Различаются рассказ о событиях одного из действующих лиц, адресованный не читателю, а слушателям-персо­нажам, и рассказ об этих же событиях такого субъекта изображе­ния и речи, который является посредником между миром персо­нажей и действительностью читателя. Только рассказ во втором значении следует – при более точном и ответственном словоупотреблении – называть «повествованием». Например, вставные истории в пушкинском «Выстреле» (рассказы Сильвио и графа Б*) считаются таковыми именно потому, что они функционируют внутриизображенного мира и становятся известны благодаря основному рассказчику, который передает их читателю, обращаясь непосредственно к нему, а не к тем или иным участникам событий.

Таким образом, при подходе, дифференцирующем «акты рассказывания» в зависимости от их адресата, категория повествователя может быть соотнесена с такими различными субъектами изображения и речи, как повествователь , рассказчик и «образ автора». Об­щей для них является посредническая функция, и на этой основе возможно установление различий.

Повествователь тот, кто сообщает читателю о событиях и поступках персонажей, фиксирует ход времени, изображает облик действующих лиц и обстановку действия, анализирует внутреннее состояние героя и мотивы его поведения, характеризует его человеческий тип (душевный склад, темперамент, отношение к нравственным нормам и т. п.), не будучи при этом ни участником событий, ни – что еще важнее – объектом изображения для кого-либо из персонажей. Специфика повествователя одновременно – во всеобъемлющем кругозоре (его границы совпадают с границами изображенного мира) и в адресованности его речи в первую очередь читателю, т. е. направленности ее как раз за пределы изображенного мира. Иначе говоря, эта специфика определена положением «на границе» вымышленной действительности.
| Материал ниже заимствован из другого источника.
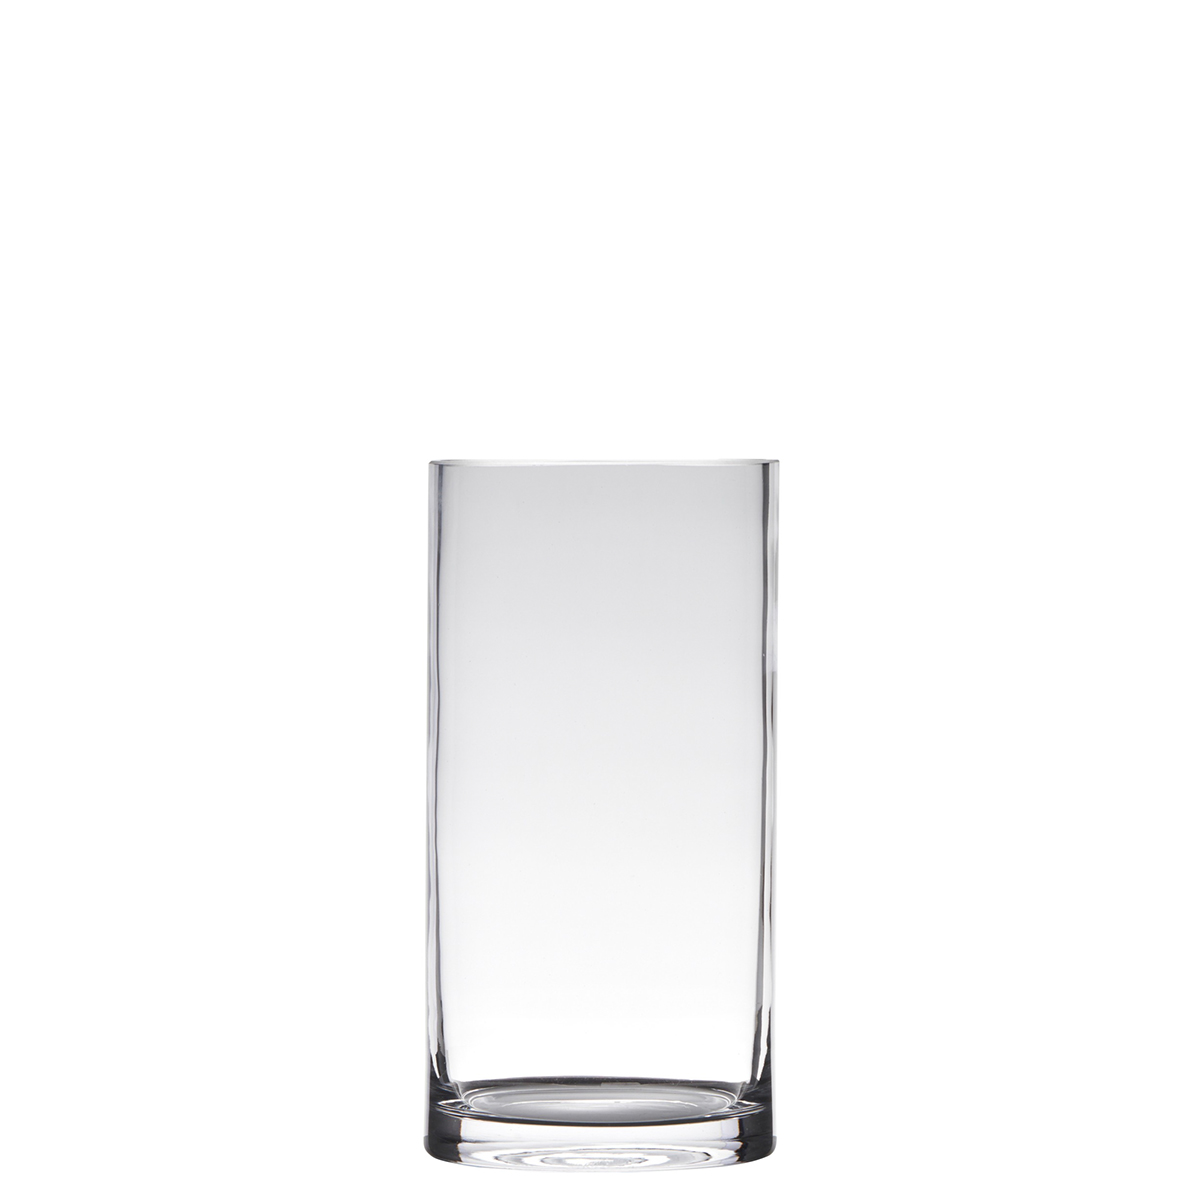 Hakbijl Glass Cilindervaas Glas Ø12xh25cm

Подчеркнем: повествователь – не лицо, а функция. Или, как говорил немецкий писатель Томас Манн (в романе «Избранник»), «невесомый, бесплотныйи вездесущий дух повествования». Но функция может быть прикреплена к персонажу (или некий дух может быть воплощен в нем) – при том условии, что персонаж в качестве повествователя будет совершенно не совпадать с ним же как действующим лицом.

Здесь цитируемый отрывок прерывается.